Ice, by Anna Kavan.
http://www.redmood.com/kavan
Kafka cavorts with Plath in this post-apocalyptic
novel by the late Anna Kavan. A thermonuclear device
has been detonated, and the world slowly awaits its
fate as the planet freezes. In this new Ice Age, a
nameless narrator searches for the girl he loves. But
this isn't just another version of love among the
ruins. The imminent destruction of the world has set
in motion the erosion of civilization. Random acts of
violence and mass hysteria take over the cities, as
the icebergs creep closer. The tragicomic game of
political conquest takes place, starting in
Scandinavia, led by the vainglorious character called
the Warden. The narrator must vie with the Warden for
possession of the girl, whom the Warden has abducted.
The relationship between the narrator and the girl is
not healthy in the least.
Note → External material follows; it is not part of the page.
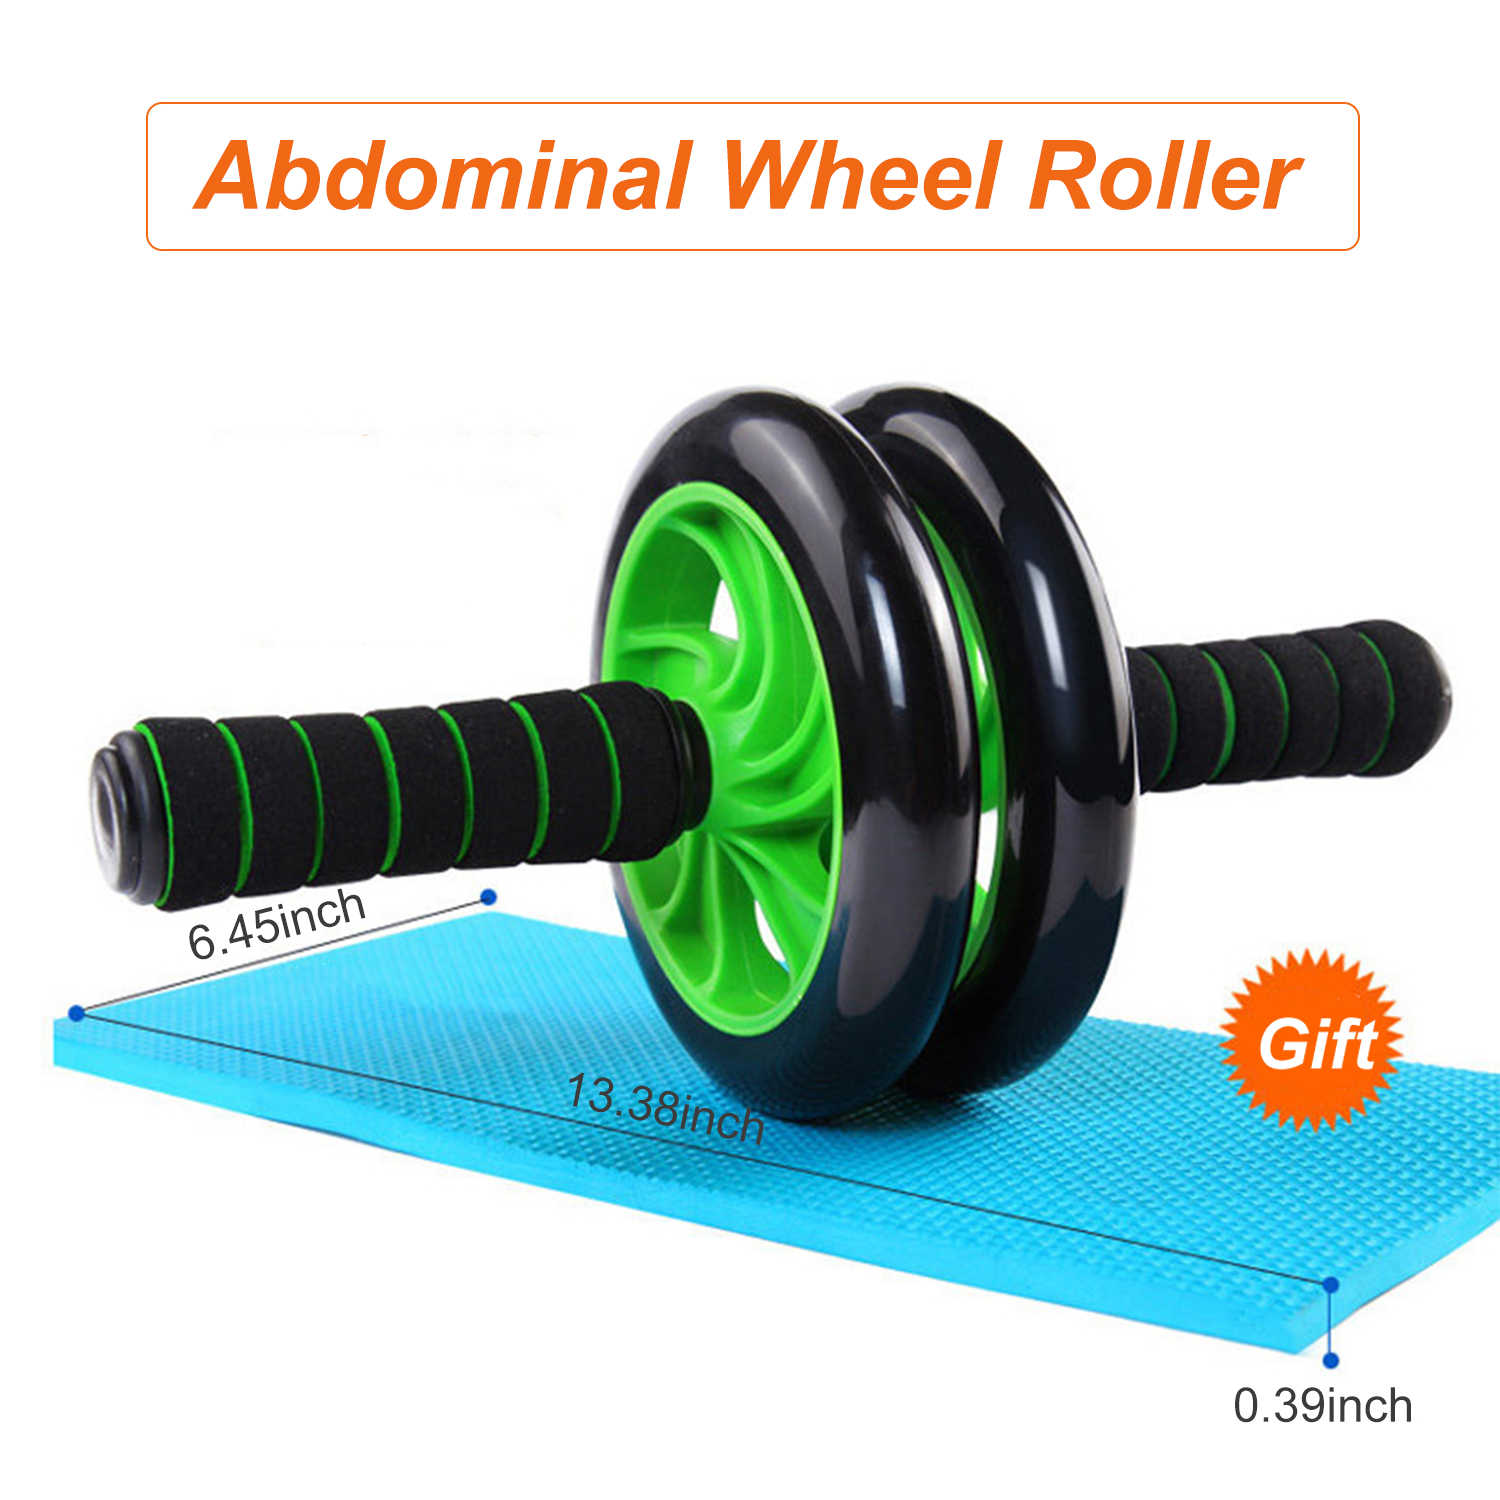 Decdeal - Double Wheel Roller with Knee Mat Waist Slimming Trainer for Home Gym Fitness Multifunctional Abdominal Exercise Equipment

He views her
contemptuously, as a born victim, and believes that
only he has a right to brutalize her. The girl
herself--with her white-blonde hair and fragility, is
a study in passive-aggression. She can be downright
cruel. Several times during the novel, the anti-hero
leaves her, only to take up the search again. The two
men fight over the girl, without actual care for her;
she is merely a pretty prop on which hang their
aggressions and neuroses. It mirrors the futility of
the political games, where the various powers vie to
gain power over a dying world. There is a Kafkaesque
sense of absurdity, along with that author's
existential despair of humankind's folly.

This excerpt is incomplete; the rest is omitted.